As for the policies, they were not only deficient when it comes to detail, but there was some of his usual problems of straw man arguments and hollow promises. For example, he repeated his usual argument that privately sponsored refugees do better than government-sponsored ones, but nobody is disputing that, and nobody is arguing against private sponsorship, but there is a place for government sponsorship which has to do with the most vulnerable who need more timely relocation and who may not have private sponsorship lined up. And yet, it’s part of his dichotomy about private groups being better than government. He also vowed to stop irregular border crossings, and good luck with that, because it’s always going to happen, and unless he can also stop Donald Trump from threatening immigrants and refugees in his own country, it’s not going to stem the flow coming into Canada irregularly – it’ll just push them to more dangerous crossings. He also didn’t stop the usual rhetoric that pits immigrants against asylum seekers that this kind of vow just exacerbates, so that’s not exactly turning over a new leaf. He also promised that economic migrants would get their credentials recognised in Canada faster, but good luck with that because credentials recognition is a provincial responsibility, and the federal government has precious few levers there, and successive federal governments have tried to deal with this situation in the past and not had much success, ensuring that his promise is empty.
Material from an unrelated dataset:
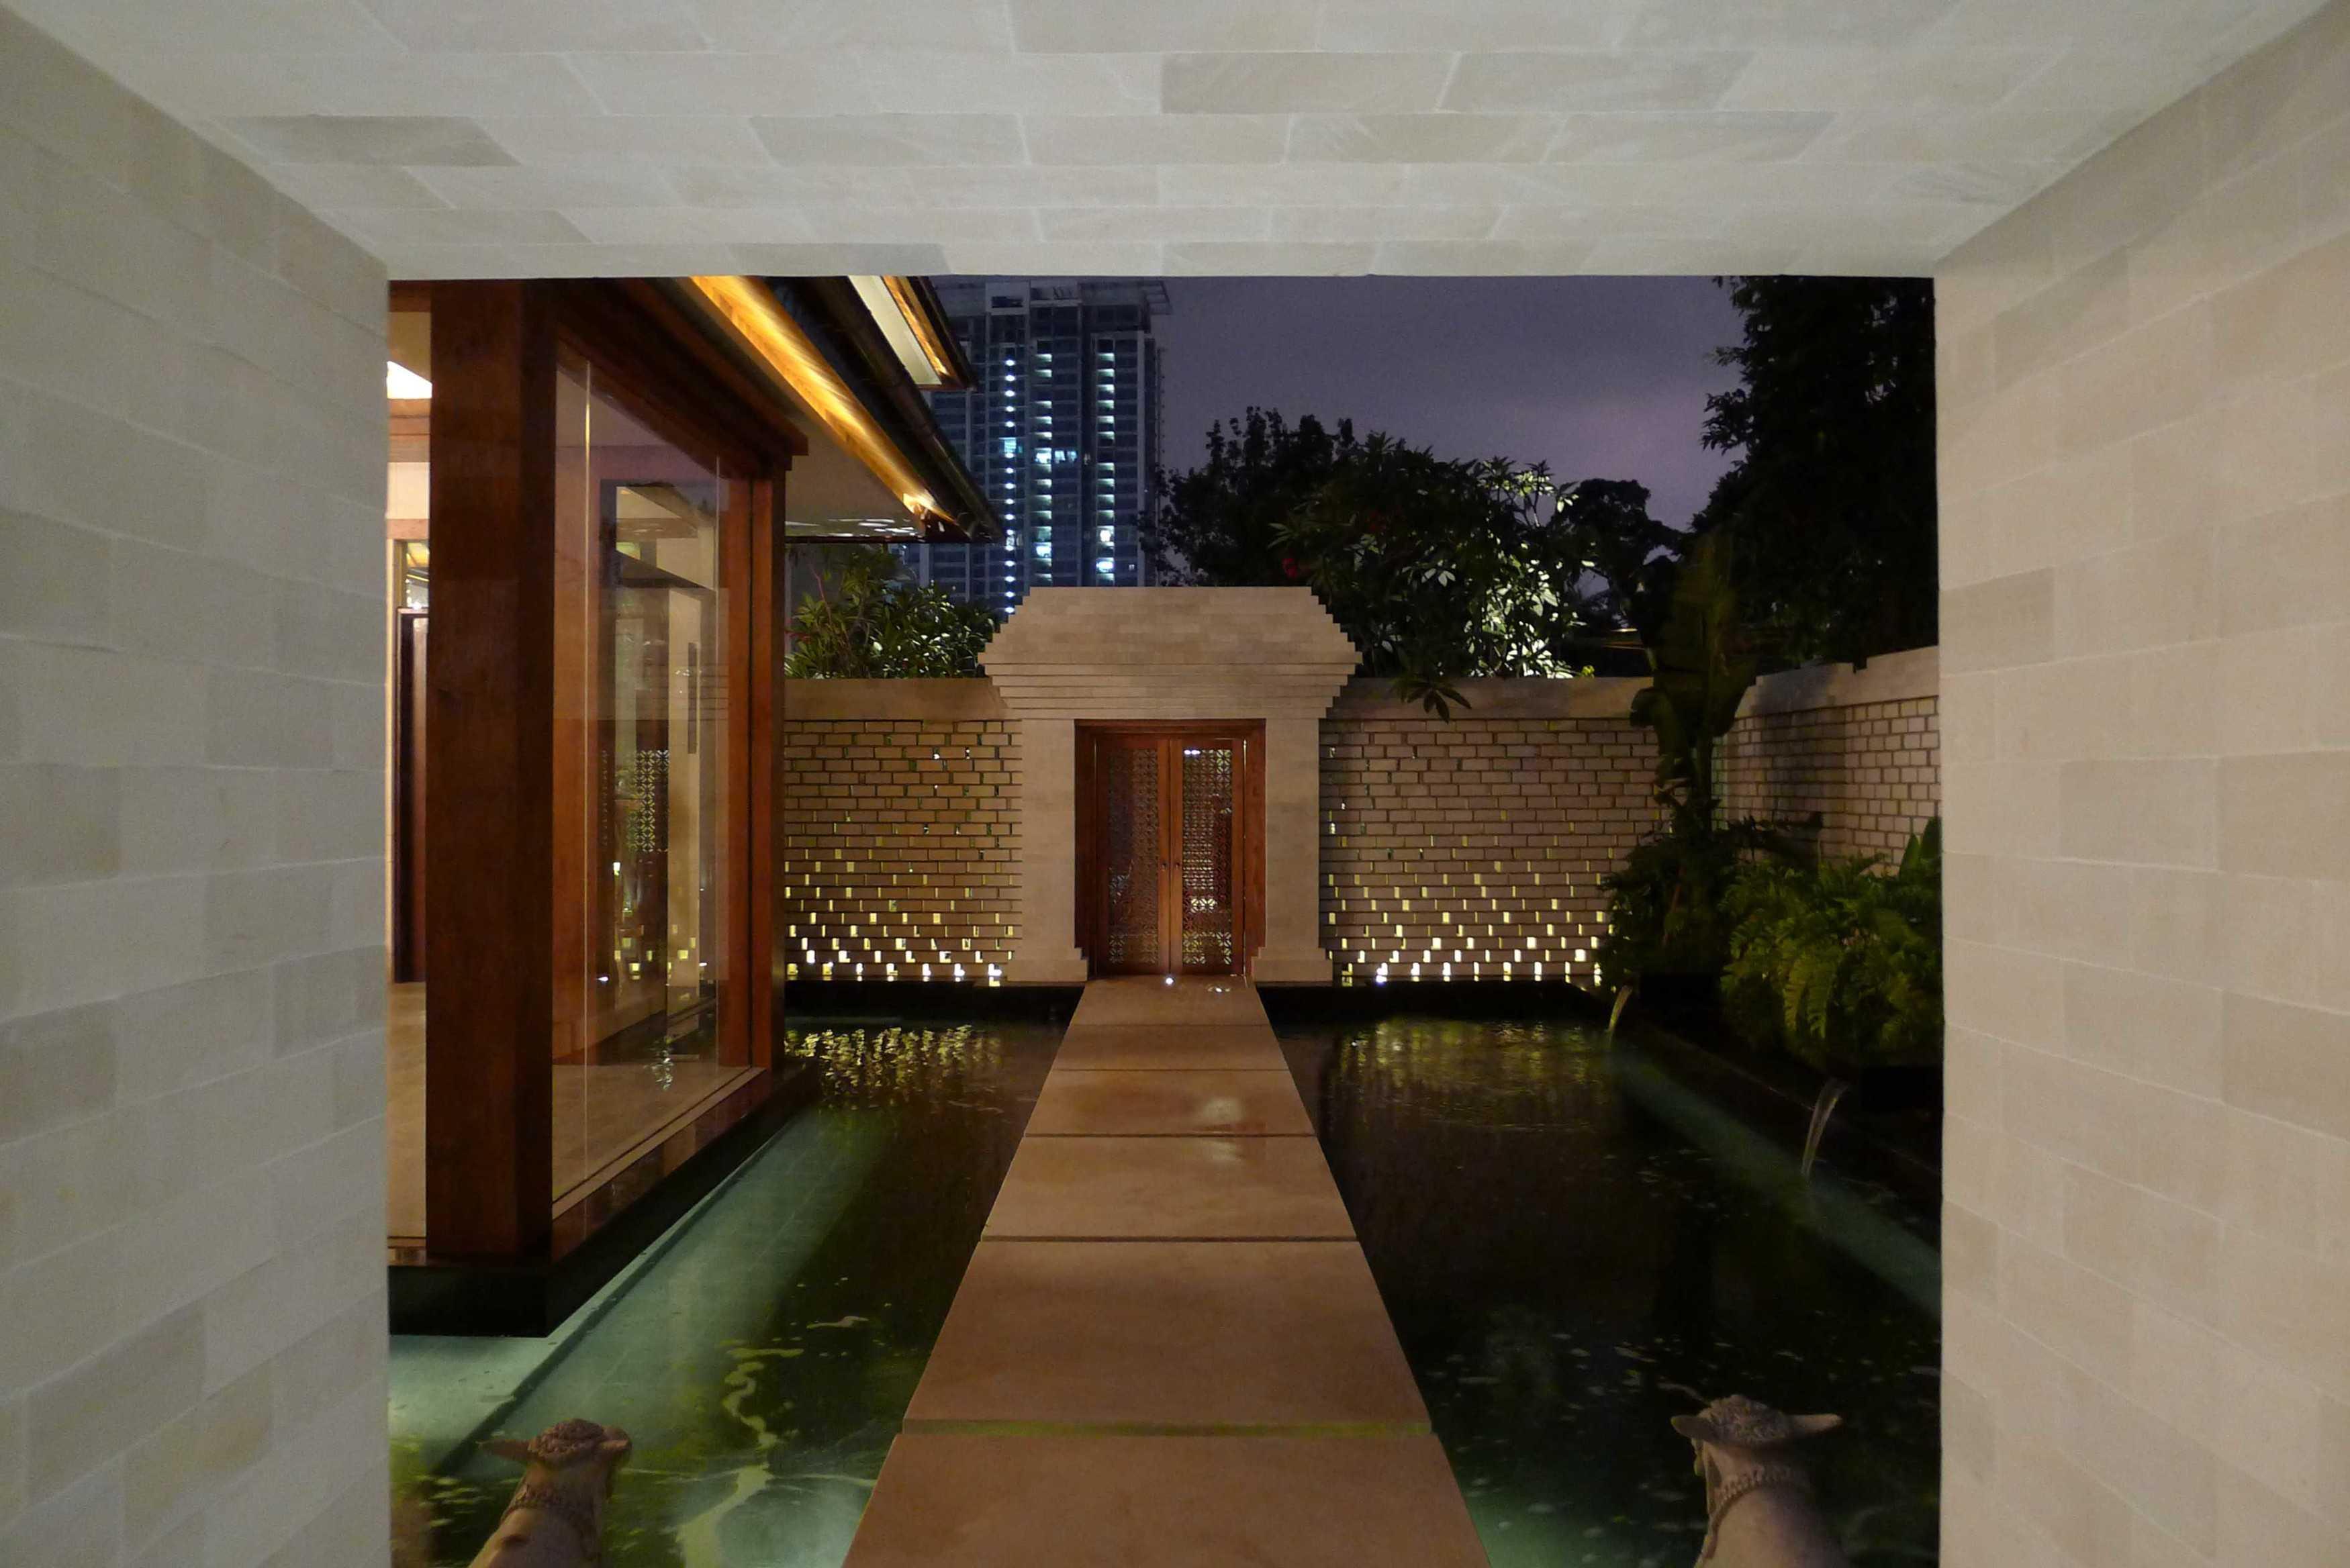 Han Awal & Partners Rumah Tinggal Brawijaya  Jakarta Jakarta Entrance Door   16125

But what was perhaps most frustrating was his talk about intake levels – and while he took a dig at Maxime Bernier for calling on them to be reduced, he also said that the level should change every year based on “Canada’s best interests,” which is a giant loophole for that same kind of talk about reducing levels for bogus reasons.

https://twitter.com/EmmMacfarlane/status/1133506929442131971

https://twitter.com/EmmMacfarlane/status/1133508491438624769

Meanwhile, the IRB says they need more funding if they’re going to tackle the asylum claimant backlog (which again, they inherited from the Conservative government) rather than just stabilize growth, which is what they’re projecting currently – but the real kicker here is that they’re still relying on faxes and paper copies rather than emails or electronic files, because they can’t share information effectively with CBSA, which should boggle the mind. And this problem was identified a decade ago (as was pointed out by Liberal MP Alexandra Mendès at Public Accounts), and it’s still a problem. I’ve talked to immigration and refugee lawyers who say that it’s a huge frustration for them that until recently, they couldn’t even schedule hearings by email. The IRB say they’re seized with the issue, but cripes, this should be embarrassing.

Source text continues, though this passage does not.